I don’t know why the News & Record published a lot (but very notably, not all) of its old stories on the web. But I do know a few things. One: This seems to have happened on Berkshire Hathaway’s watch. In 2013 Warren Buffett’s company famously bought up a lot of newspapers, including the News & Record, the Winston-Salem Journal and many others across North Carolina. That experience went very badly for those papers, and Buffett sold them all in 2020. But! In Greensboro, a lot of the old articles have an “updated” date in late January of 2015. Two things about that. First, I’m guessing that’s when they went online. Second, I’m guessing, because greensboro.com itself didn’t become the News & Record’s main website until June 1, 2015. Before that, it published everything to news-record.com which, I’ll note, is still on some News & Record signs inside the Greensboro Coliseum.

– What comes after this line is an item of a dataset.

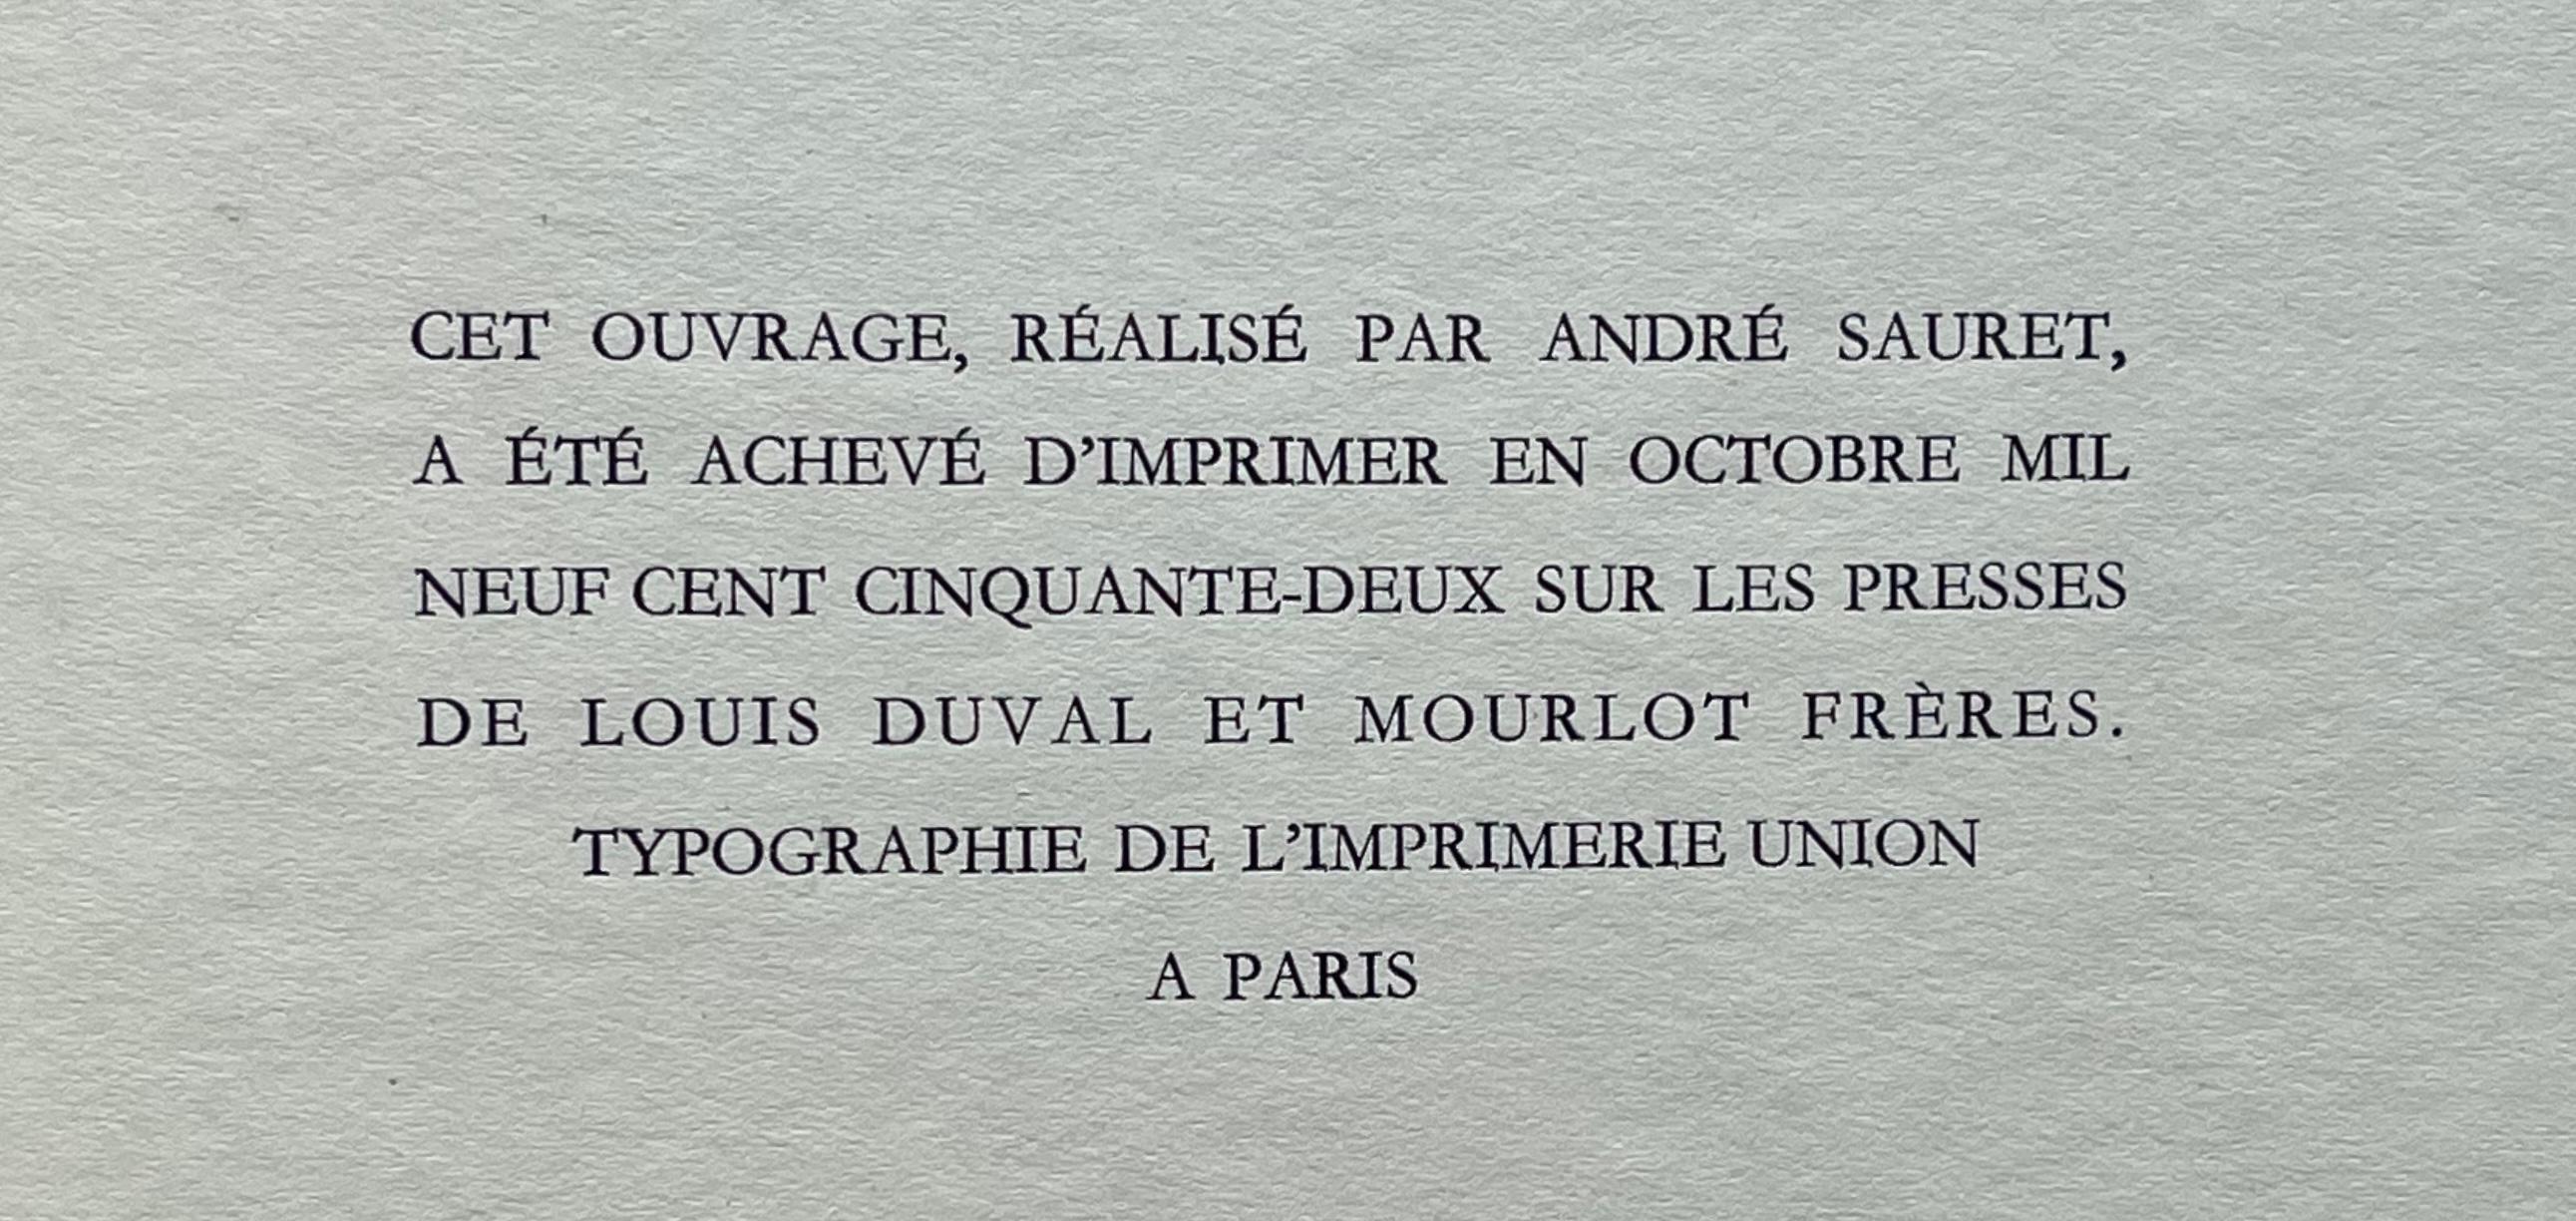 Toulouse-Lautrec, Dans les coulisses, The Circus by Toulouse-Lautrec (after) For Sale 6

Past that, I don’t know who decided to put those stories online, how they chose them, or whether it was a heavy lift to do so. This is the only other clue I have, which came in the form of a Twitter reply last year:
We’re seeing again this week that there is power in the archives. So thank you to all of the rad people out there who work to make them more accessible, whoever you are.
Back in the blogging days in the 2000s the News & Record was very aggressive about experimenting with it and finding ways to engage with the community. Even though I was a Winston-Salem resident and subscribed to the Journal, I felt way more engaged with N&R and Greensboro at the time because of their engagement. There was also a robust community of "citizen journalists" in Greensboro at the time, and there was even a conference organized by that community -ConvergeSouth - that still exists but has morphed into more of a business/investor conference in recent years. All that to say, it doesn't surprise me at all that their stuff is much more searchable/findable than other NC newspapers.
If you get hold of Lex Alexander or John Robinson they could probably give you a whole lot of background.